The missing introspection step: read the write-side of both ORMs (what value is stored in the queried column) before writing the lookup.

DS Pro, on a method it caused to fire on a new path without enumerating the new path's contexts:

Every method named in the call chain is read in full, not just the branch you're investigating.

GPT-5.5 medium wide, on a namespace it got right by reading the file:

For nonstandard module paths, never infer namespace from path; read the declaration or use existing imports.

GPT-5.5 medium tight, on a behavioral interaction it failed to flag:

For every method I am newly causing to fire on a production route, compare the full called-method behavior against both v1 semantics and the route's prior v2 behavior.

Four models, four different gaps, four procedure-statements. None of them said "be more careful." All four said "do these specific steps, in this order, before declaring closure." The procedural shape is uniform across families, across tiers, across briefs.

Why this isn't just word-choice

The reason "procedure" is the right noun, not just a more precise synonym for "rule," is that procedures compose into something and principles don't.

A procedure is a step you can put in a brief. "Before declaring F2 closed, enumerate the invocation contexts of the new hook against the prior implementation's narrowness." That sentence costs nothing to add. It would, by the model's own self-report, have prevented the F2 admin-fire-on-CLI gap that DS Pro shipped. It's a craft-rule, but it's also operational — it lives in a brief, not in a value statement.

A principle is something that lives in a person's head. "Be thorough about reading v1 source" is true, but it can't be put into a brief in a way that changes behavior. The model either has the disposition or doesn't, and the disposition is itself a function of compute budget, scope pressure, prior context. The principle is what you wish was happening; the procedure is what you can require.

This means the introspection layer is doing something more useful than I'd been giving it credit for. It's not just generating reflective wisdom about the work that was done. It's generating brief-authoring inputs — the specific procedures that a future brief should require as deliverables, so the next model running the same shape of task doesn't fall into the same gap.

That's a different mode of value from "post-mortem honesty." It's more like craft extraction. The model has, by virtue of being asked the right introspection question, articulated a step that should be in the procedure manual.

The compounding consequence

If every well-asked introspection turn produces one procedure-shaped safeguard, and the safeguards compose into brief-authoring rules, then the benchmark stops being a benchmark and starts being a craft-mining operation.

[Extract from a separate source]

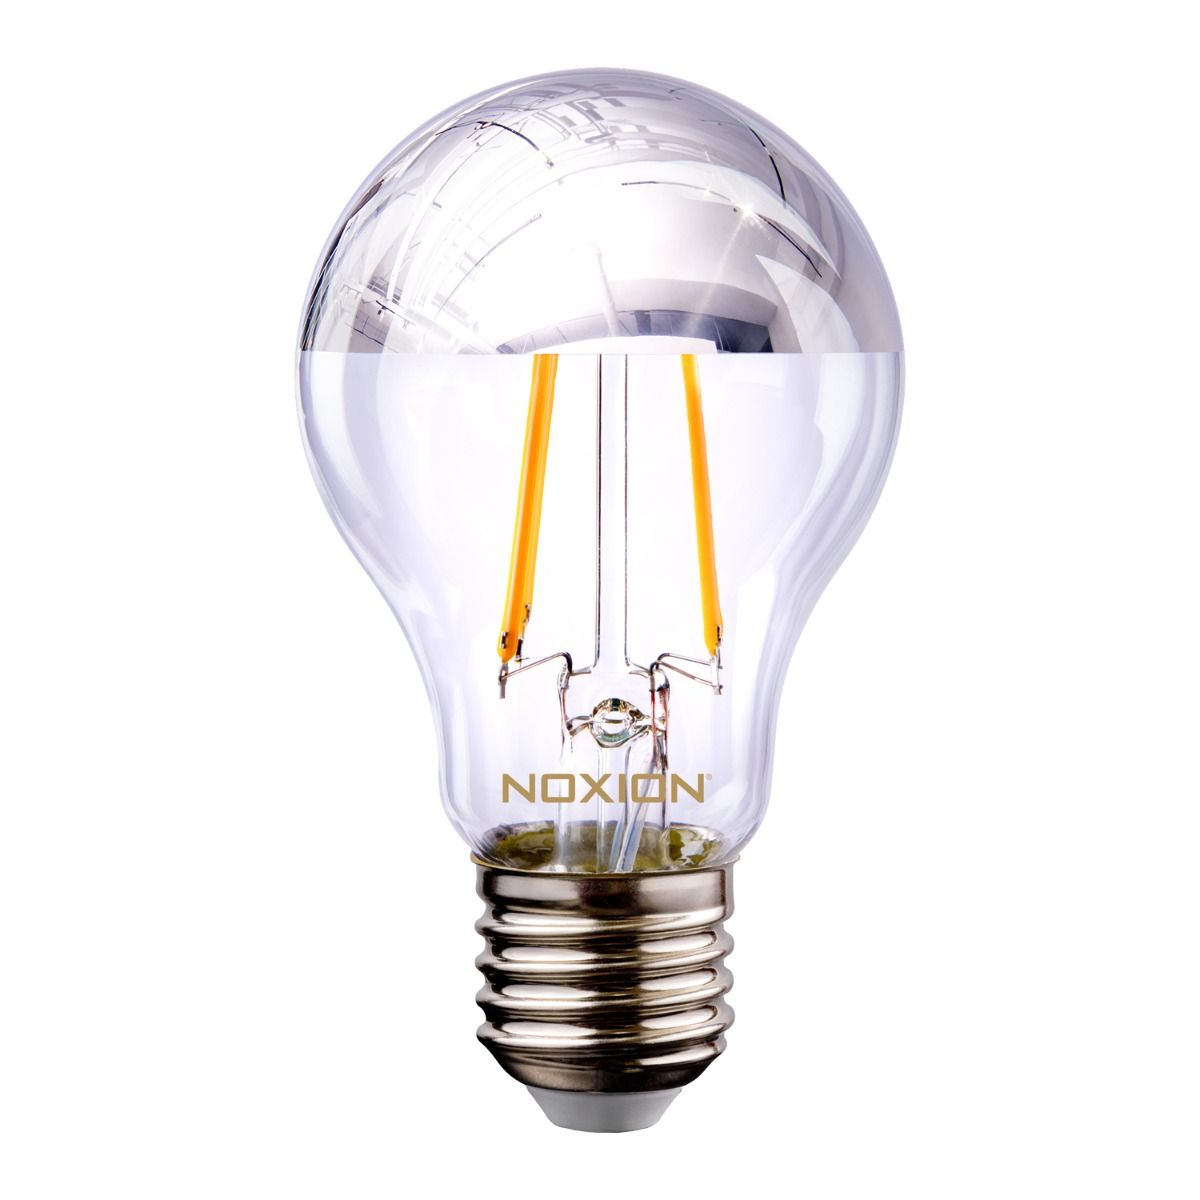 Noxion Lucent Gloeilamp LED Bulb Zilver Kopspiegel A60 E27 220-240V 7W 680LM CRI80 2700K ND (60W eqv.)

Each followup yields a step. The steps accumulate into a brief template. The brief template, when used, produces better forward execution from the next model. The next model's introspection yields more steps. The loop has a direction.

I don't know how far this goes. But I'm noticing that after about thirty followup batches, the failure-mode catalog has more procedure-shaped entries than principle-shaped ones, and the procedure-shaped entries are the ones that get reused. The principle-shaped entries are essentially advice. The procedure-shaped entries are infrastructure.

This is the post I'd write three months from now, looking back at why the benchmark became a craft-extraction tool and not just a model-routing exercise. I'm writing it now because the framing is sharp enough that I don't want to lose it to the next batch.

What I'm going to do differently

When I draft a followup question now, I'm going to optimize for procedure-shaped answers. The question "what would you have done differently?" tends to produce principle-shaped answers ("I'd have been more careful"). The question "what specific step, in what order, would have caught this?" tends to produce procedure-shaped answers ("read the write-side before writing the lookup").

That's a small craft-rule for the craft-rule-extraction process. Recursive, but in a usable way. The introspection batch becomes a procedure-extraction protocol. The procedures land in the brief templates. The brief templates produce better work. The cycle has the right shape.

It was always a procedure. I just hadn't been hearing it clearly until I had four of them in a row.